Excluding pictures, retype the line with "Archie 1941 #1" and each line that follows it to the end of the data below, word for word.
(DATA PROVIDED begins)
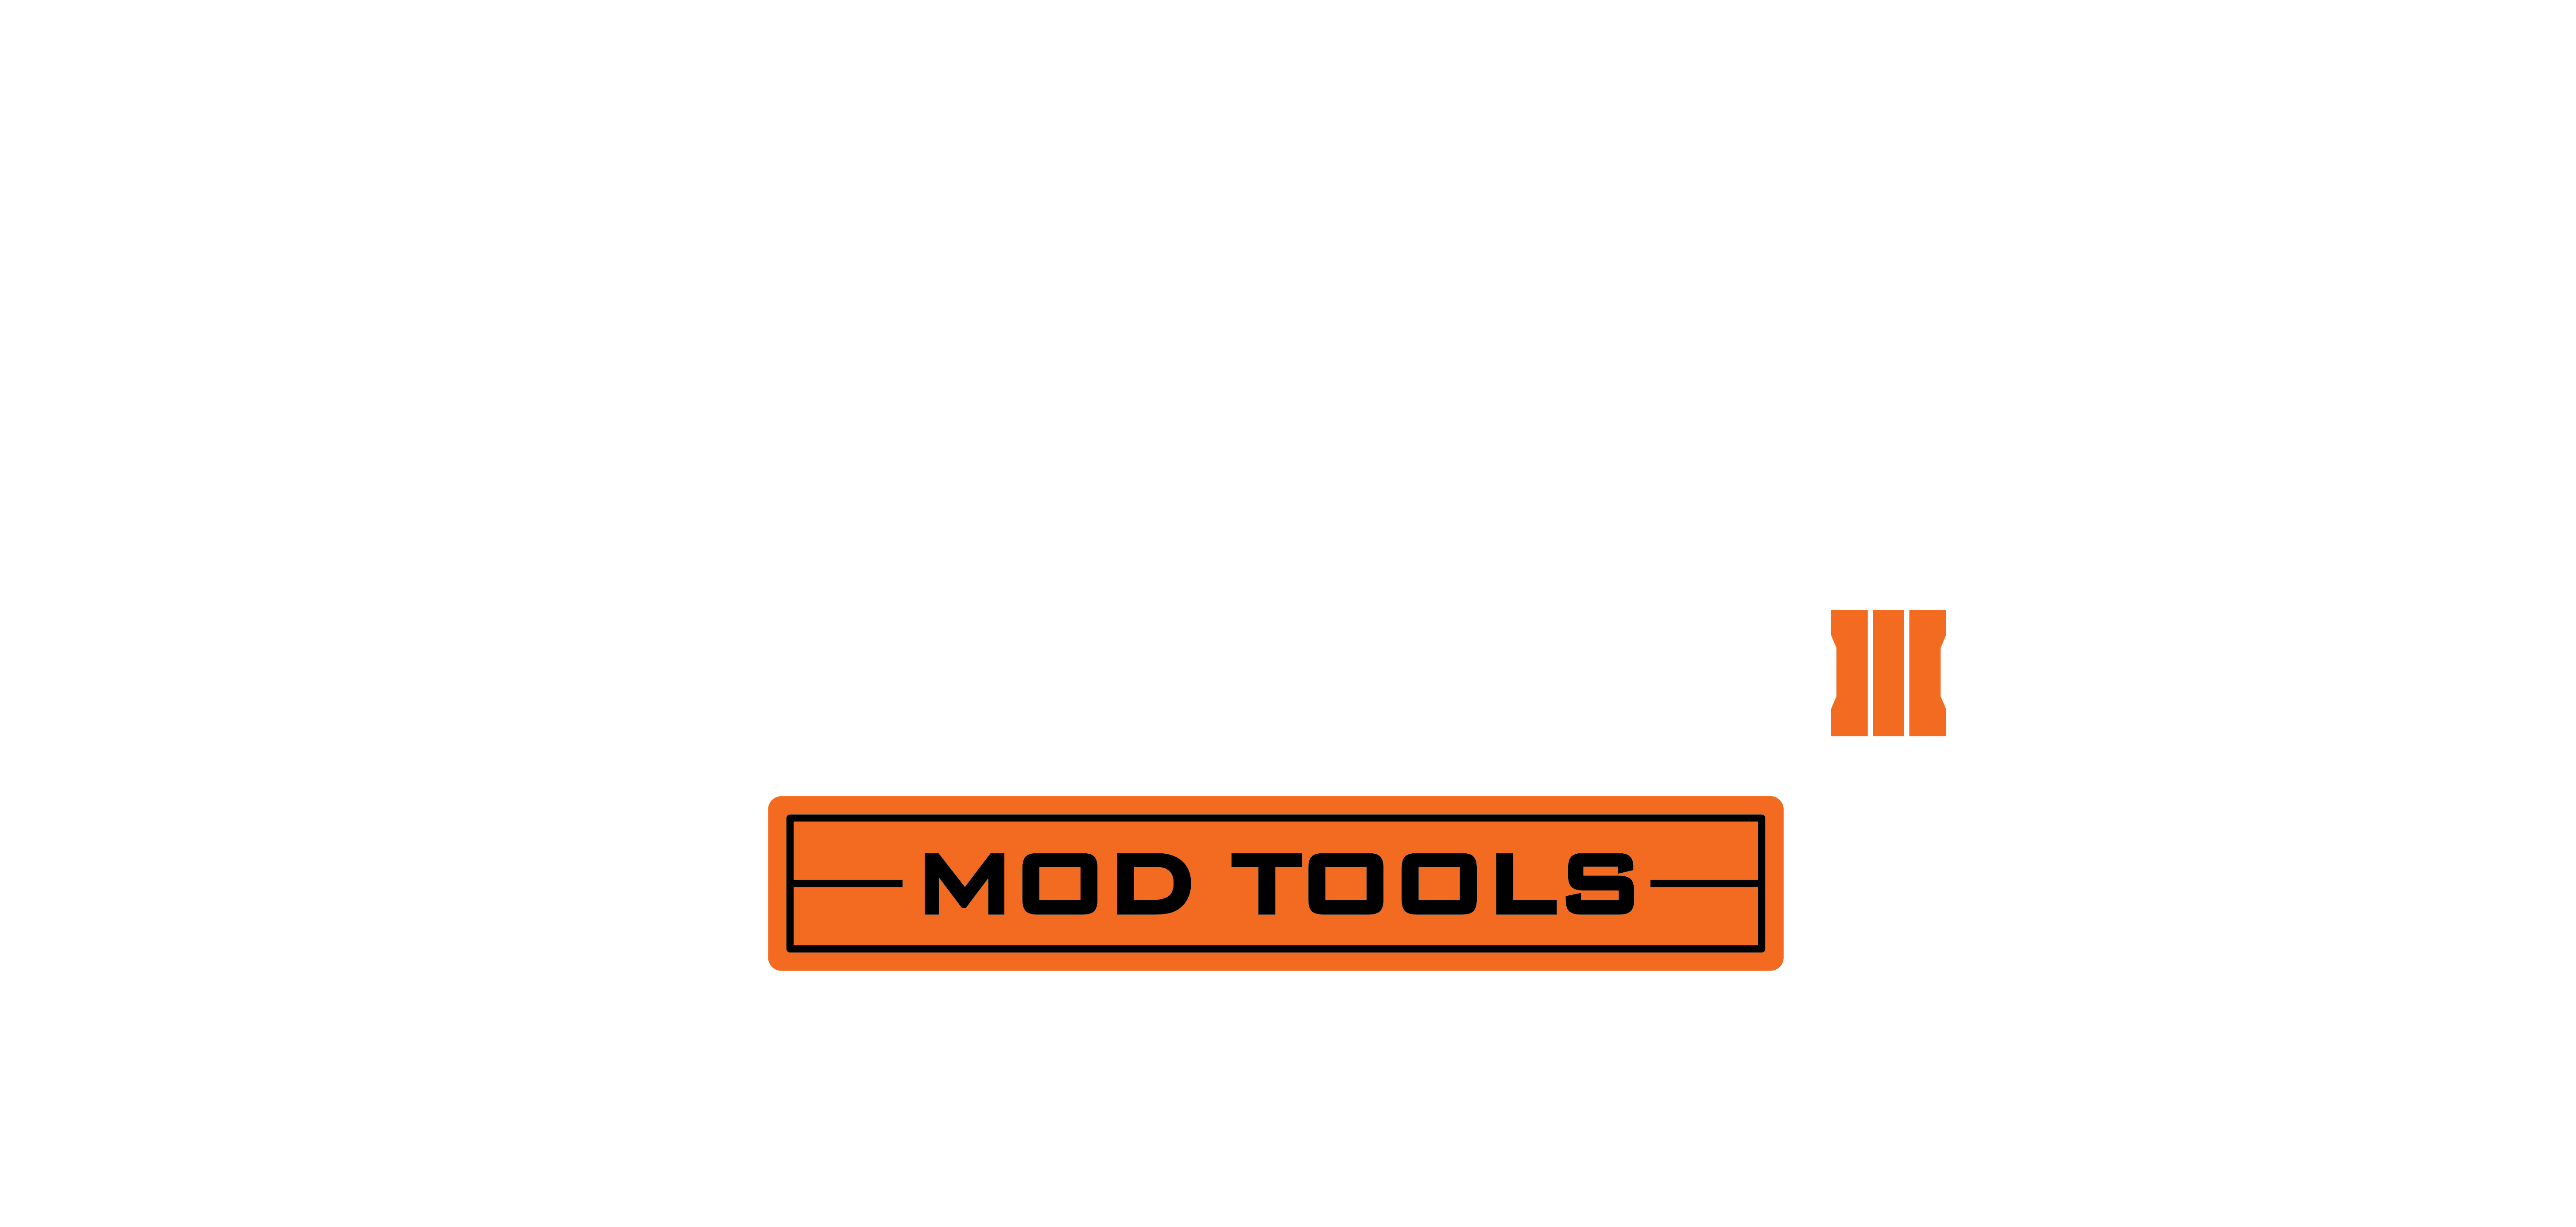 black ops mods pc
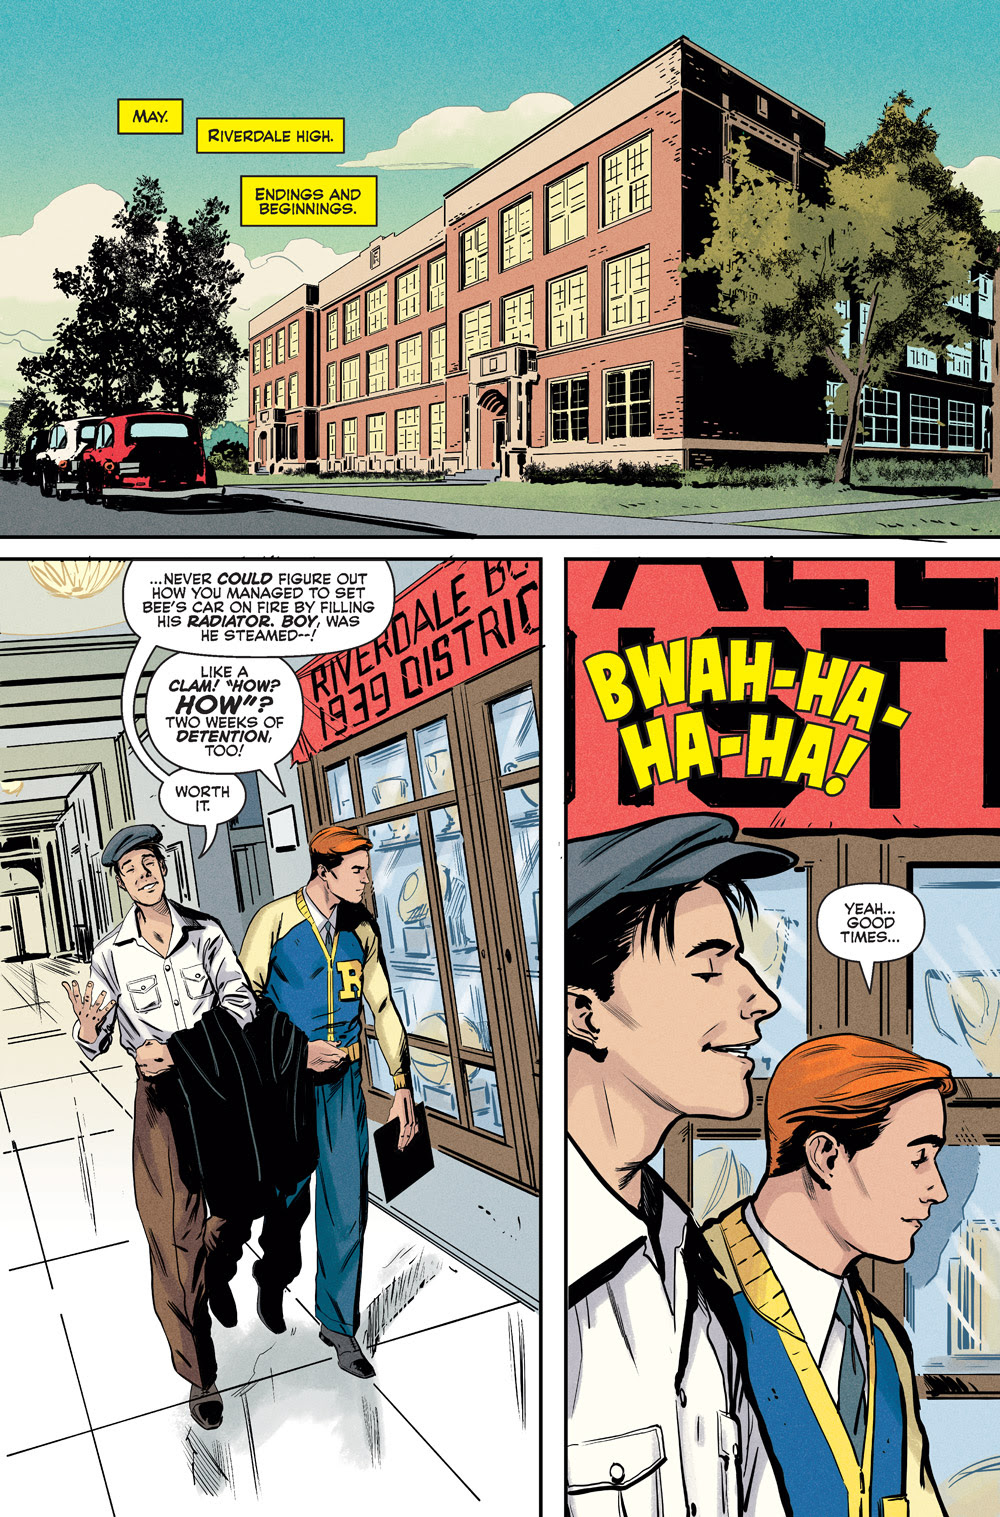 Archie 1941 #1
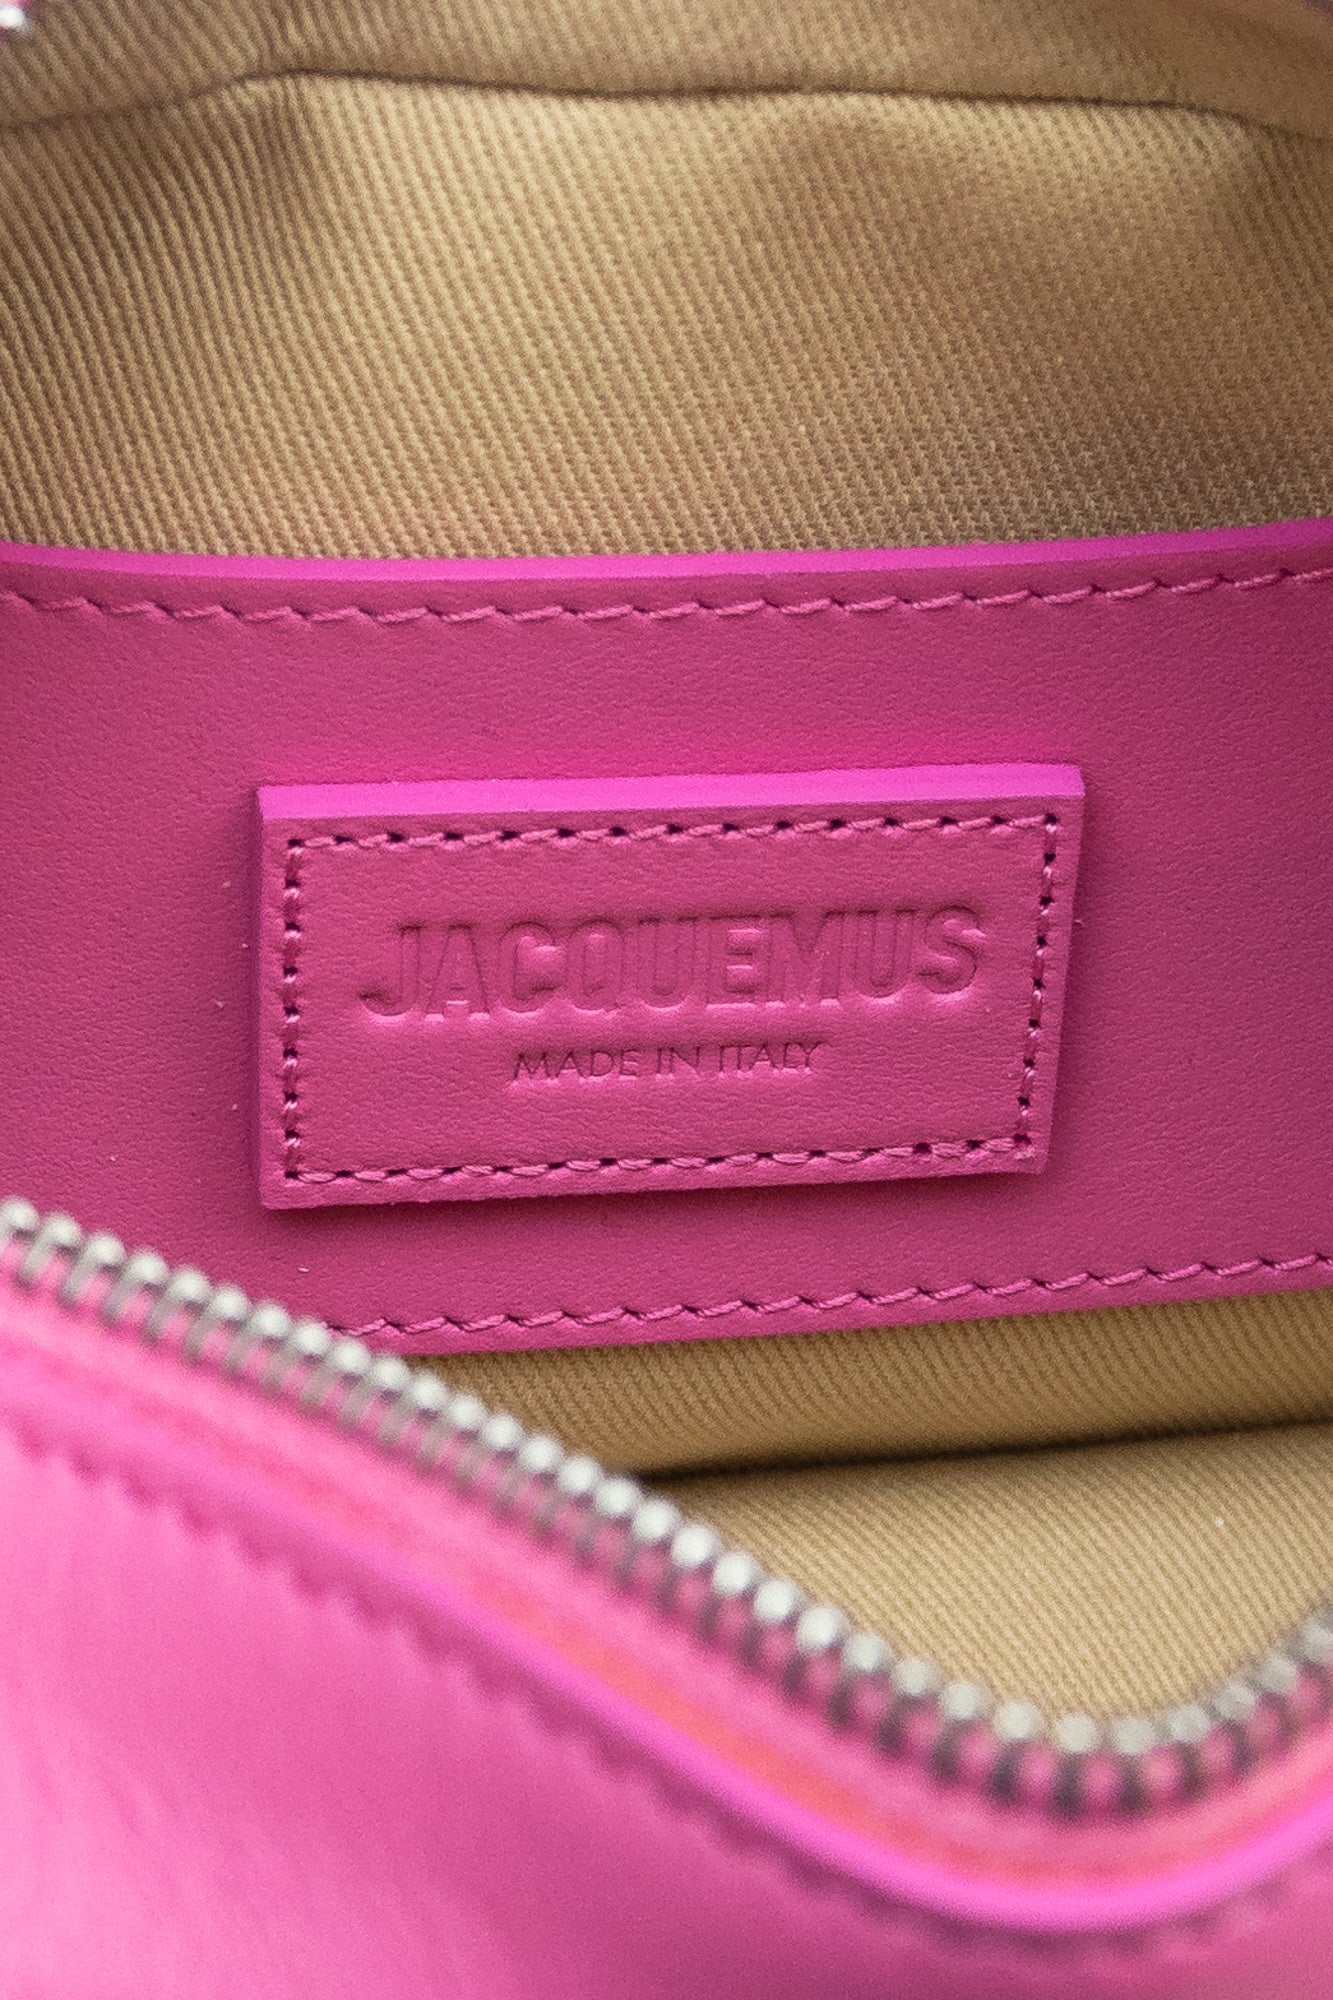 Pink Le Baneto Leather Crossbody Bag
(DATA PROVIDED ends)
#### OUTPUT:
 Archie 1941 #1
 Pink Le Baneto Leather Crossbody Bag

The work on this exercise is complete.